Given material |
----------

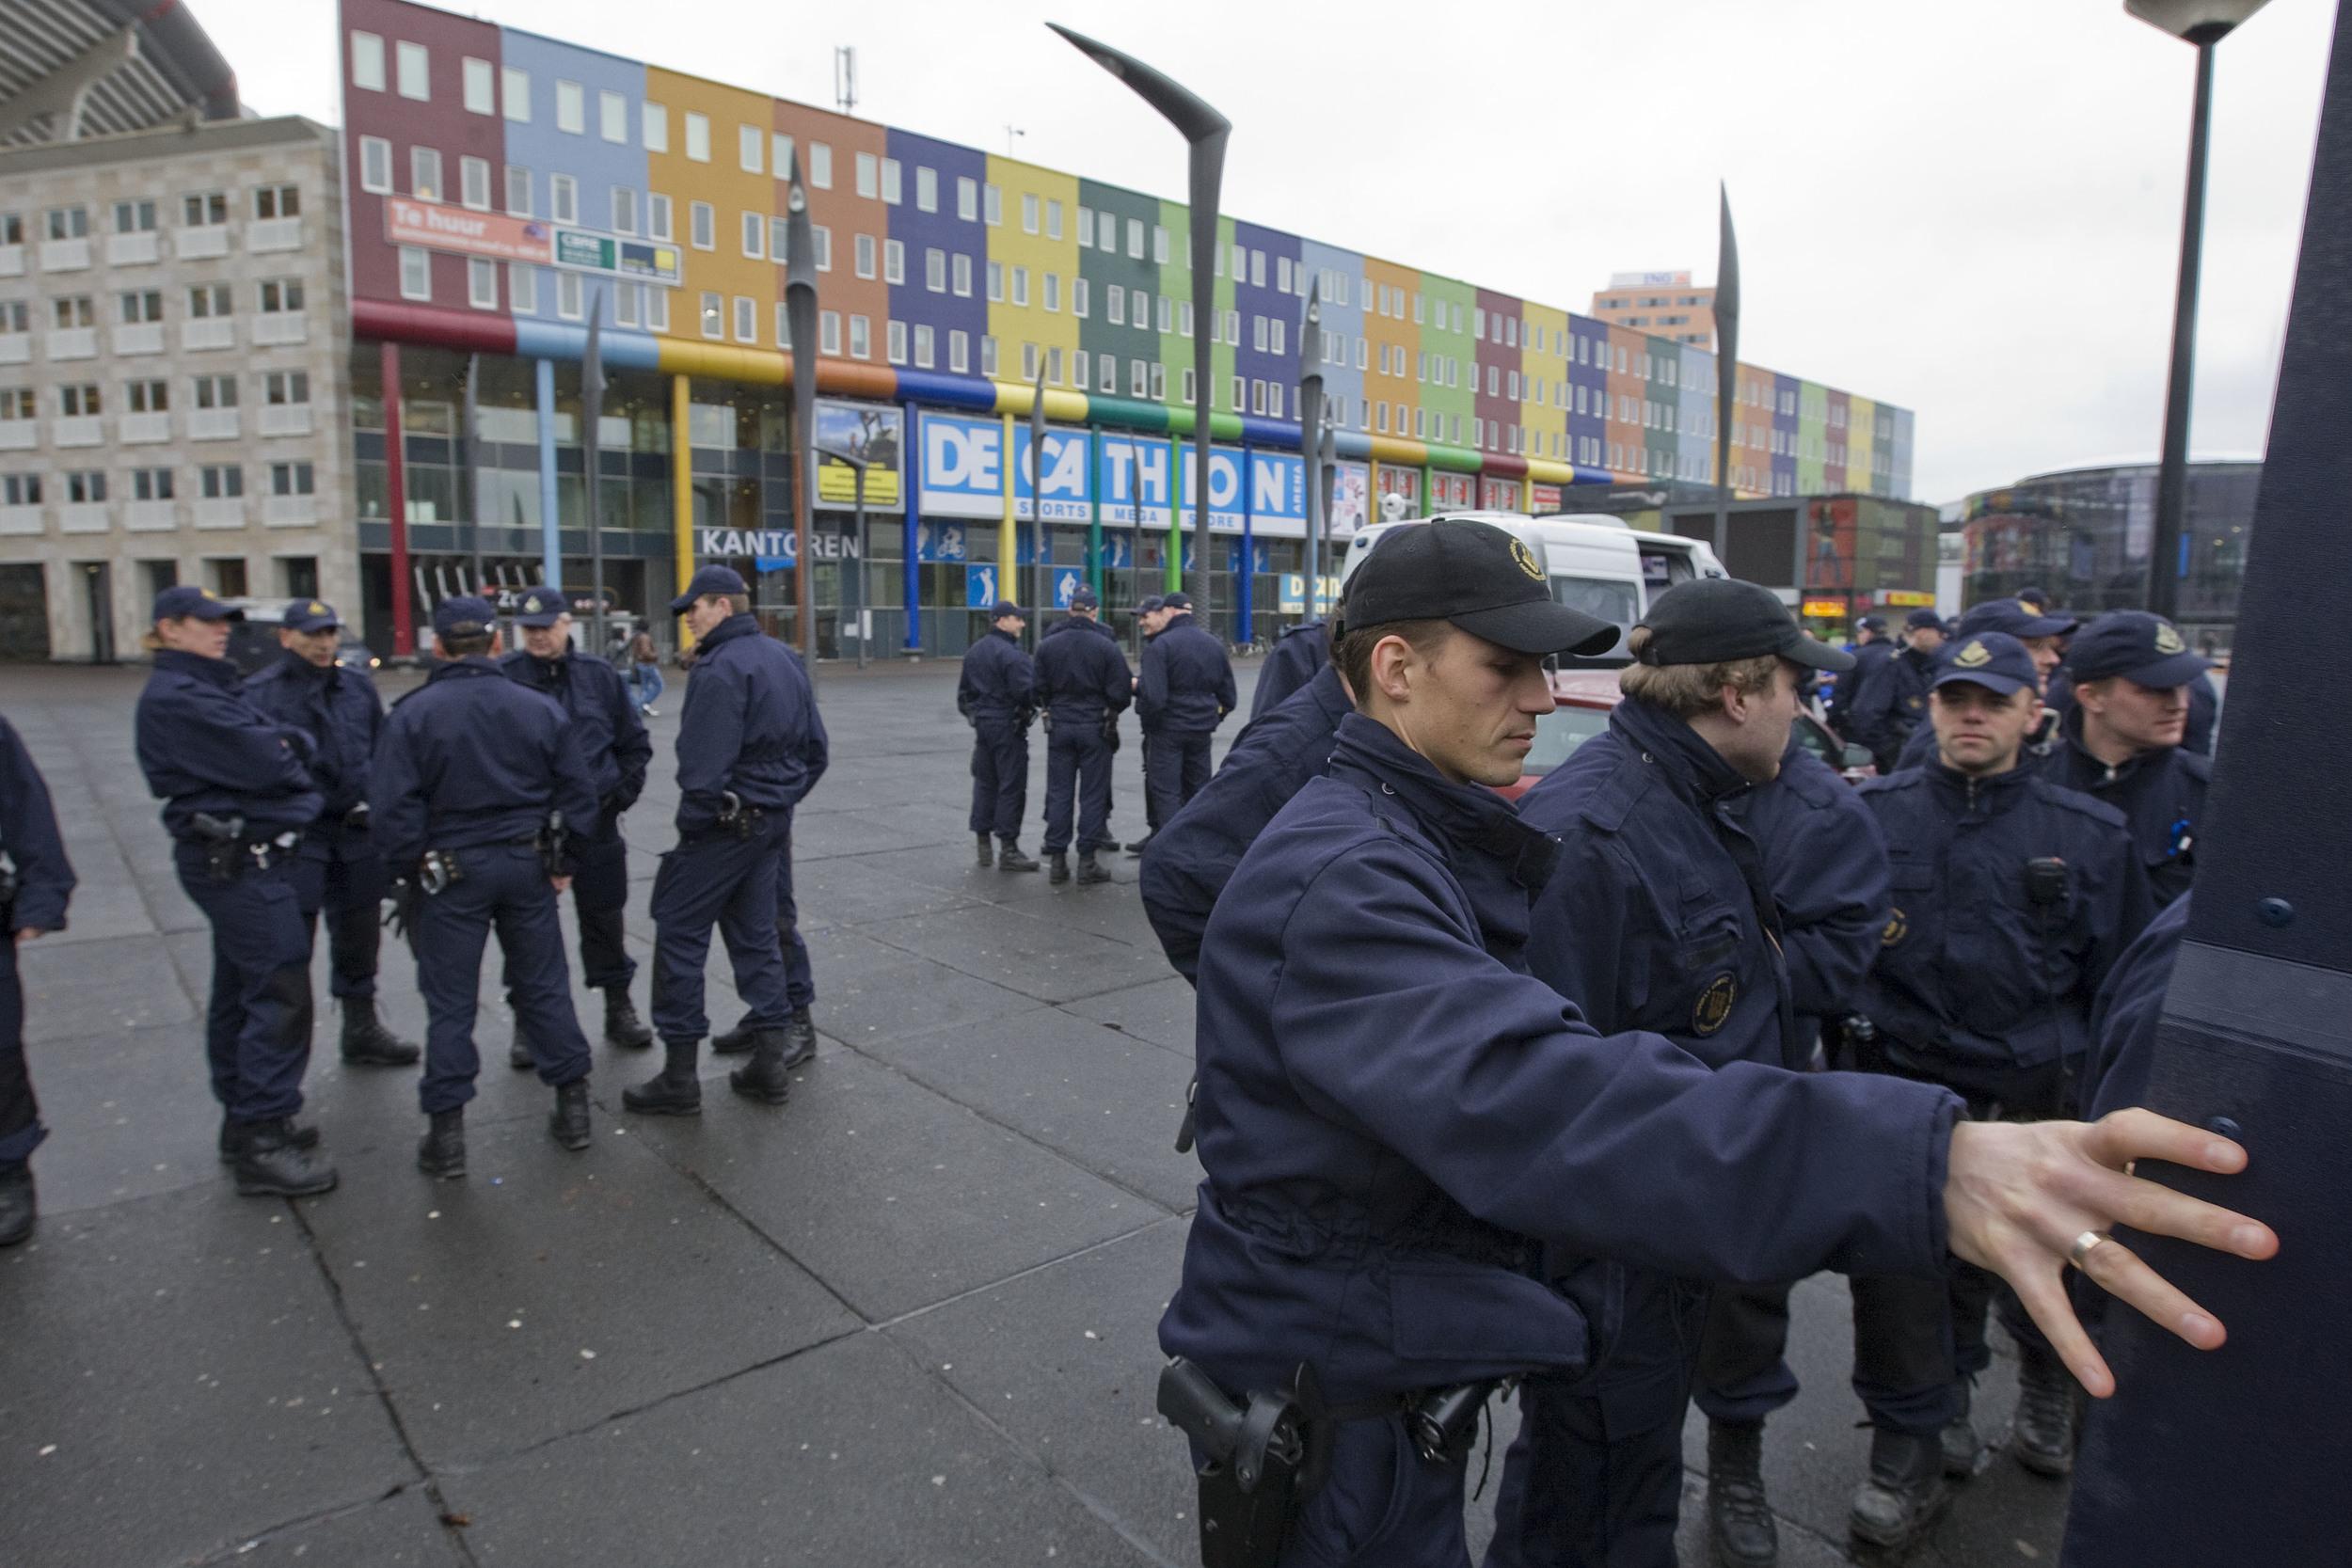 Police blockade in Amsterdam's Bijlmer Community
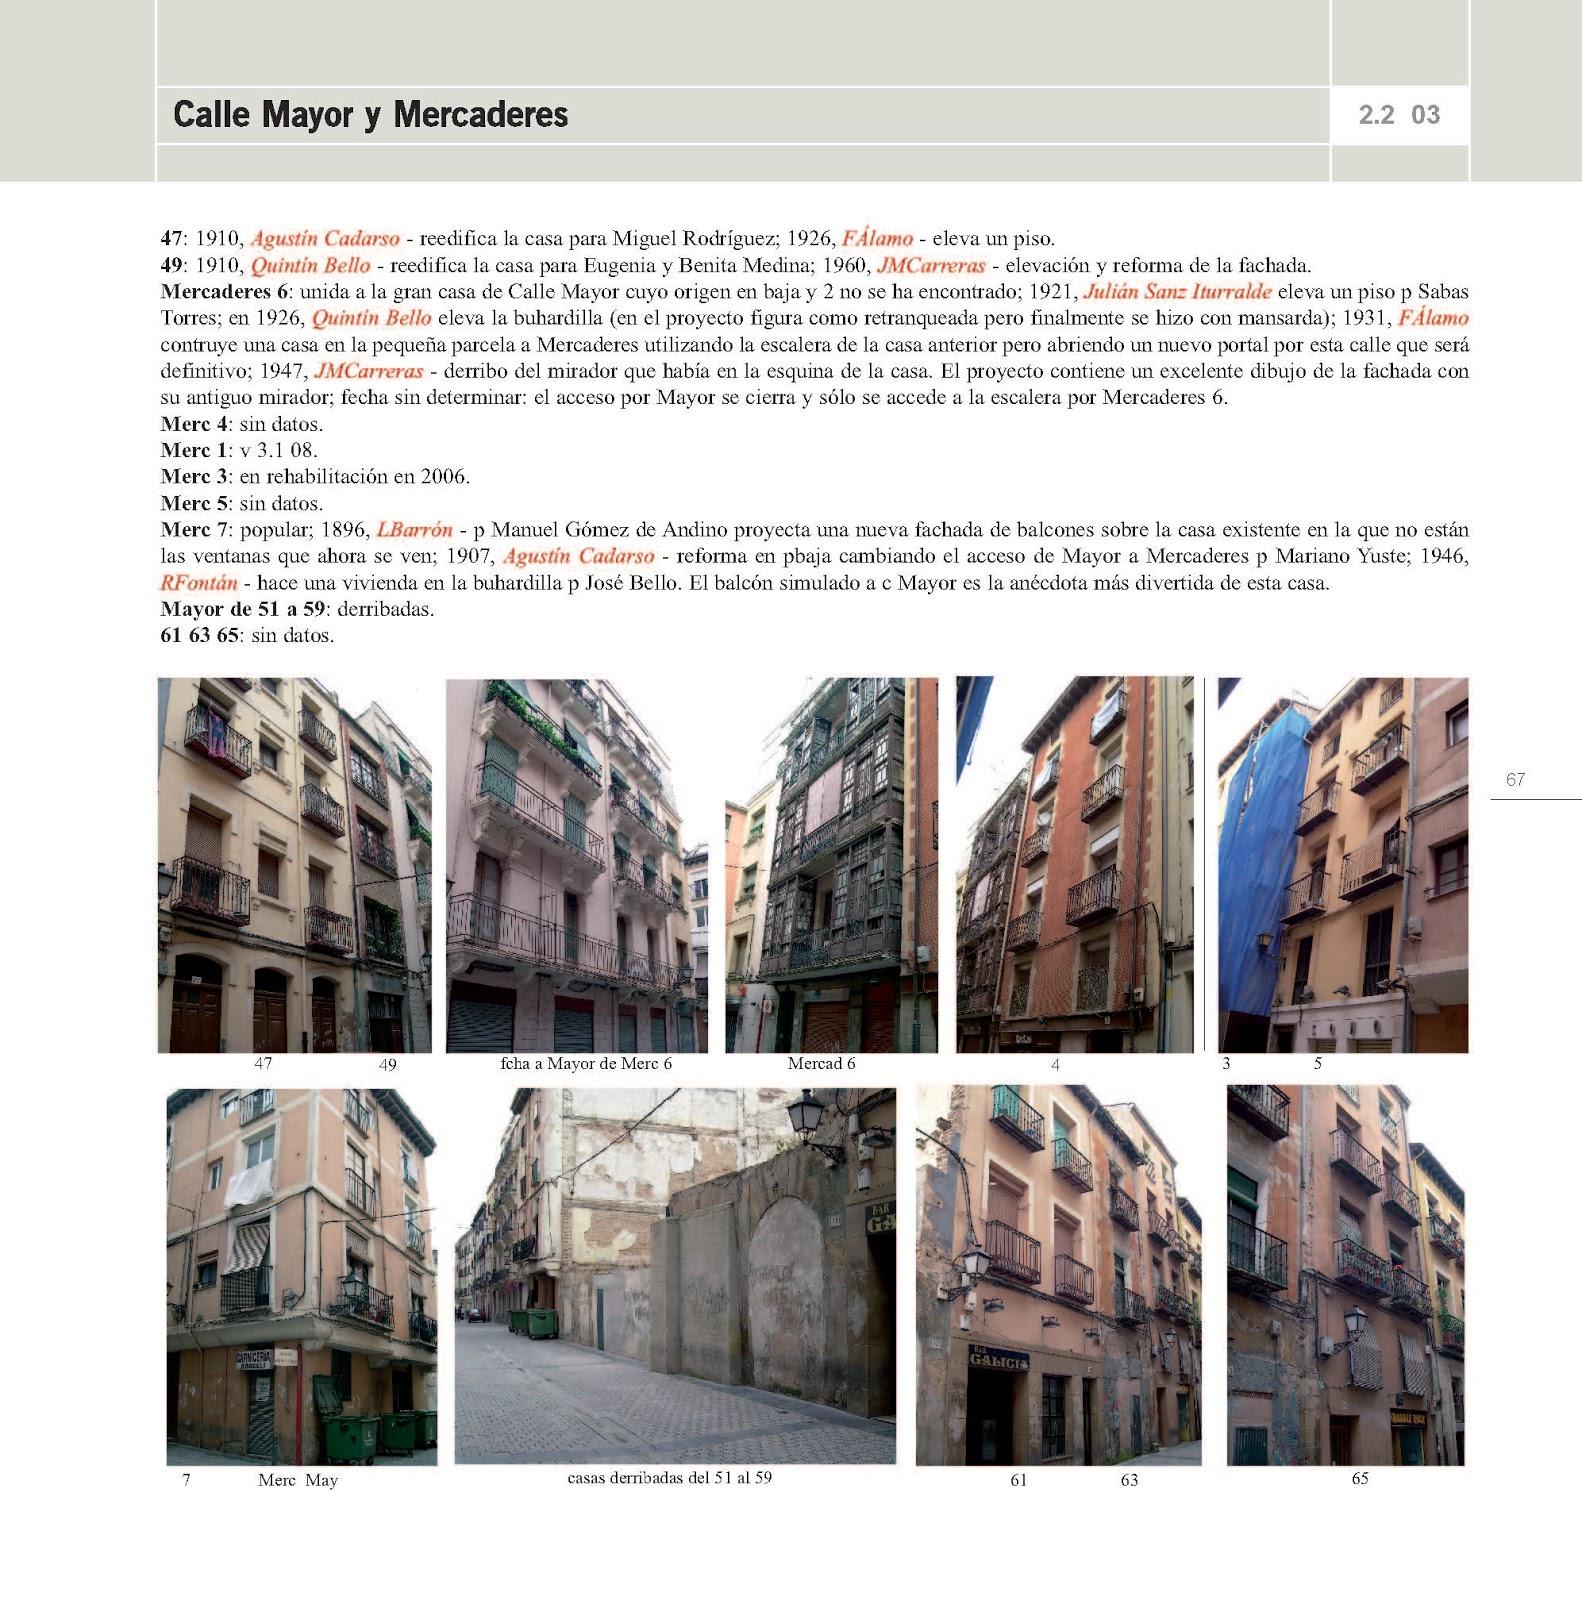 Guia de arquitectura de logro o paginas 2 2 03 calle for Paginas arquitectura
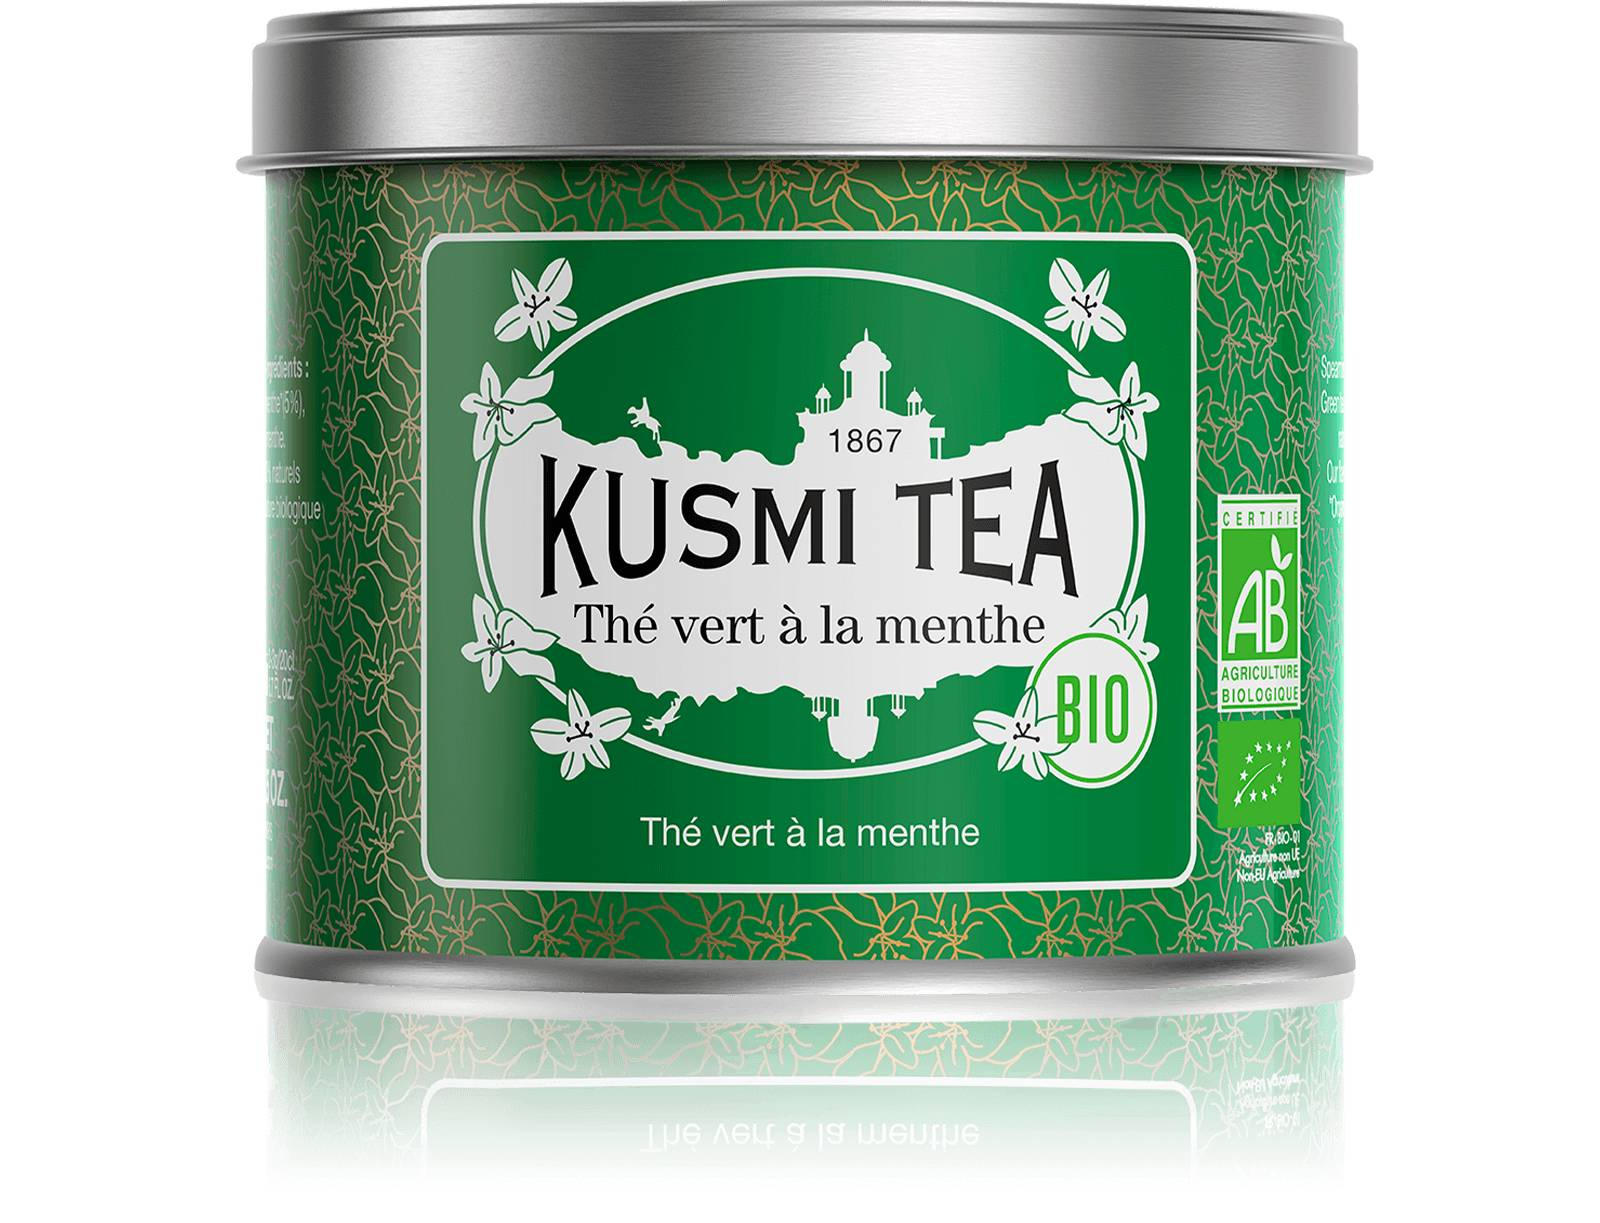 KUSMI TEA Thé vert à la menthe bio - Thé vert à la menthe - Boite à thé en vrac - Kusmi Tea

----------

Exercise requirements |
Pictures are not part of the copy; retype all the other material exactly.

Answer to this task |
 Police blockade in Amsterdam's Bijlmer Community
 Guia de arquitectura de logro o paginas 2 2 03 calle for Paginas arquitectura
 KUSMI TEA Thé vert à la menthe bio - Thé vert à la menthe - Boite à thé en vrac - Kusmi Tea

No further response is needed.